Все трое резко обернулись на истошный вопль. Из-за кустов, в состоянии полной прострации, выбежал взмыленный человек в застиранных горошечно-сатиновых трусах до колен, подскочил к Сальвадоре и, схватив её за грудкИ, начал бешено трясти:

— ДА Я… ДА Я… ДА Я…

Сальвадора охнула: декольте её платья треснуло и оттуда выпорхнул влажный, тёпленький ещё пистолет.

В бешенстве схватив его в руки, человек в сатиновых трусах заорал благим матом, как каратист перед ударом своей жертвы, и вдруг выпустил целую обойму пуль прямо Сальвадоре в висок (так показалось Сальвадоре в последний момент).

Бедняжка Леночка, не успев и матюгнуться, замертво осела на луговую траву, спугнув пчёлку с клеверного цветочка…

Земляничные девочки, услышав выстрелы, сразу же забыли об обиде и в панике припустились прочь, на ходу рассыпая землянику из своих туесков…

…Сальвадора бездыханно лежала, распростершись, серьгой в траву.
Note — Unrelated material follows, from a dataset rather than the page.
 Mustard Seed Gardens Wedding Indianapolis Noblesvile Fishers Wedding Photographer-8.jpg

Лужица крови тончайшей струйкой сочилась из её виска и постепенно подбиралась к краешку ковра, у которого только что стояла сама Сальвадора (когда была ещё жива).

Летняя королева брезгливо замахала газетой, производя какие-то немыслимо гигантские взмахи, чтобы отогнать озверевших мух (сами понимаете).
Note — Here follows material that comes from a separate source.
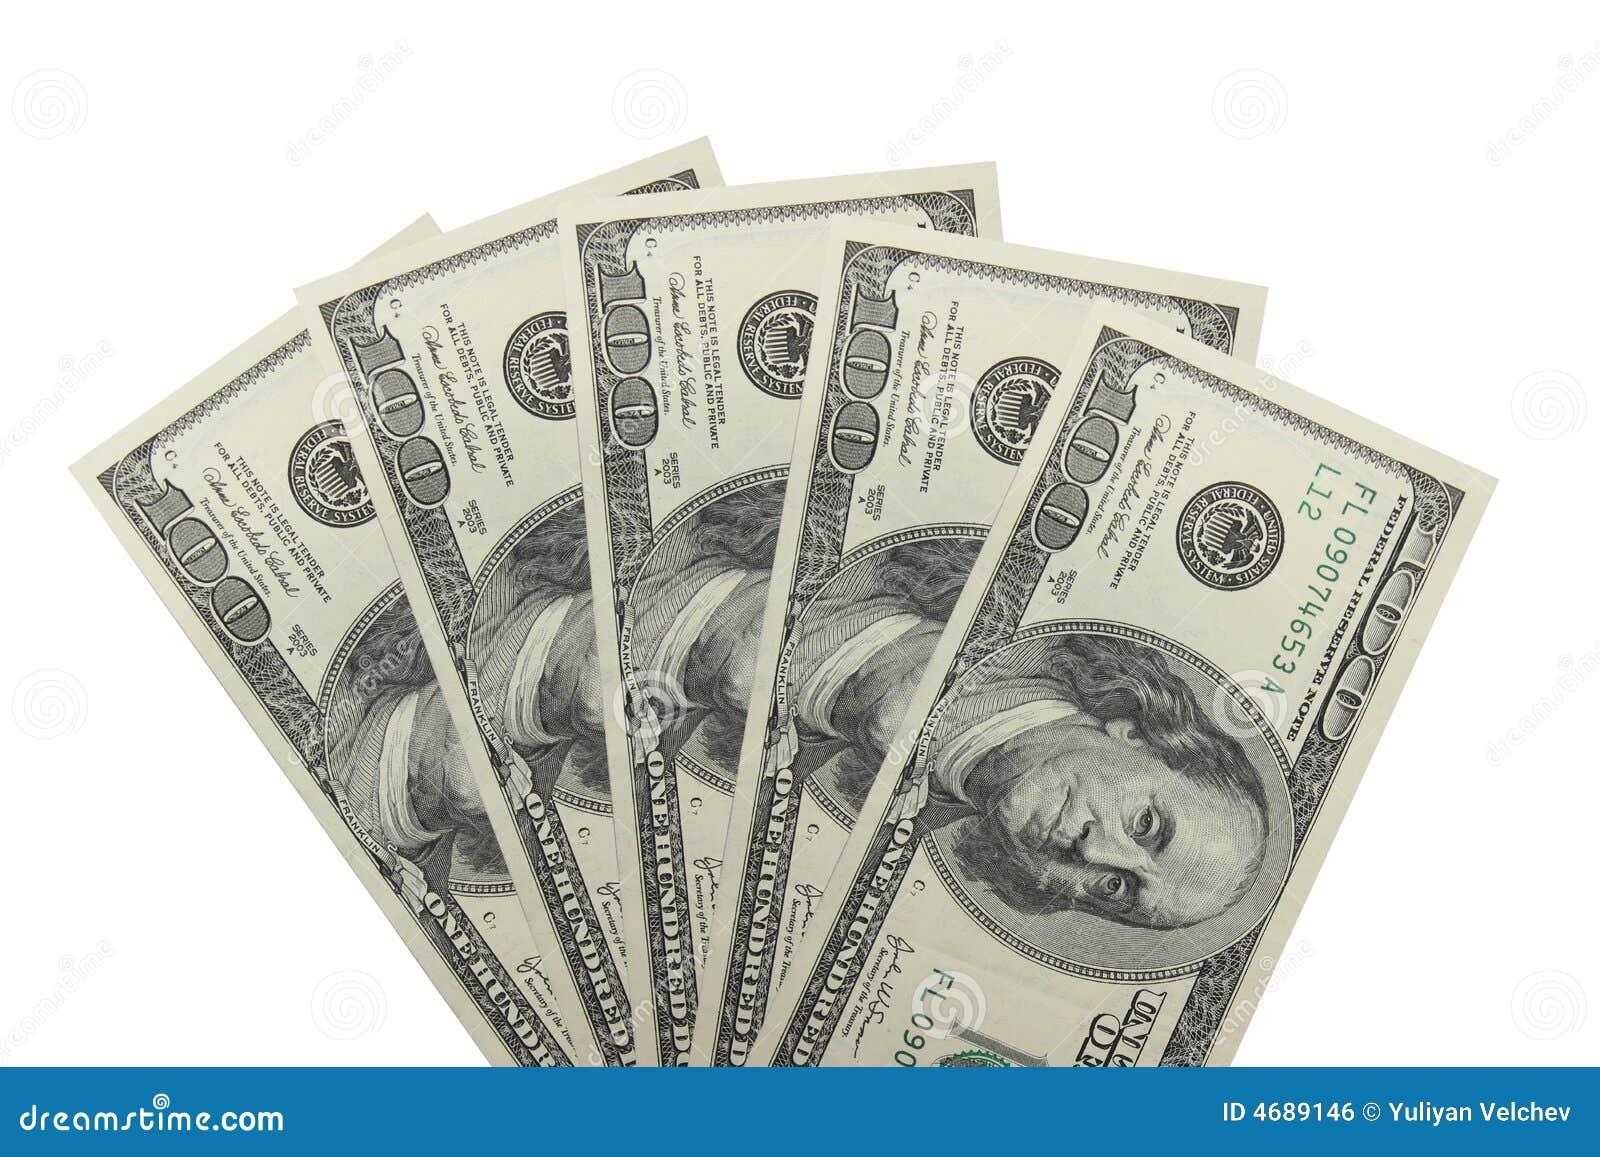 500 dollars royalty free stock image image 4689146. Black Bedroom Furniture Sets. Home Design Ideas

В воздухе пахло Иван-чаем, мужскими трусами и немножко порохом.

— Так, ну и что теперь? — поджав губы, тихо спросила мужика Федоренко. — НАфиг это делать-то было, а? Совсем, что ли, офонарел? На солнышке перегрелся? Я тебе что, такое указание давала? Что за самодеятельность?!

— Ну-у… дык…

— Я тебе покажу «ДЫК»!!! Это что ещё за выражения?!! — Федоренко, по-моему, всерьёз разгневалась, а мальчик Кай, оправившись от потрясения, горько расплакался.

— Ну ведь… так сказать… я хотел как лучше… как нужнее… — убийца наклонился к плачущему Каю и начал гладить его по голове. — ОН ЖЕ НЕ ЛЮБИТ ВАФЕЛЬНЫХ ТОРТИКОВ… Я и стрелял… поэтому… Нельзя же так… ребёнка травмировать… вафельными-то тортиками… ведь…

Кай хотел сказать мужику, что он не настолько уж не любит вафельных тортиков, чтоб из за этого жизни человека решать, но не смог произнести ни слова, ибо плакал.

— А смерть?! Что это ещё такое, а?! Тебе же было известно, что Дворнягин не любит летальных исходов! И что мы тут теперь с трупом делать будем? Чай с ним пить? Окровавленный, да? С мухами!!! Ну спасибо тебе, браток, удружил!

Мужик окончательно вспотел от горя:

— Матушка-владычица, воскресите её, сделайте милость… Ну пожа-а-а-алуйста-а-а-а… — захныкал он, как дитя малое, размазывая сопли по щекам.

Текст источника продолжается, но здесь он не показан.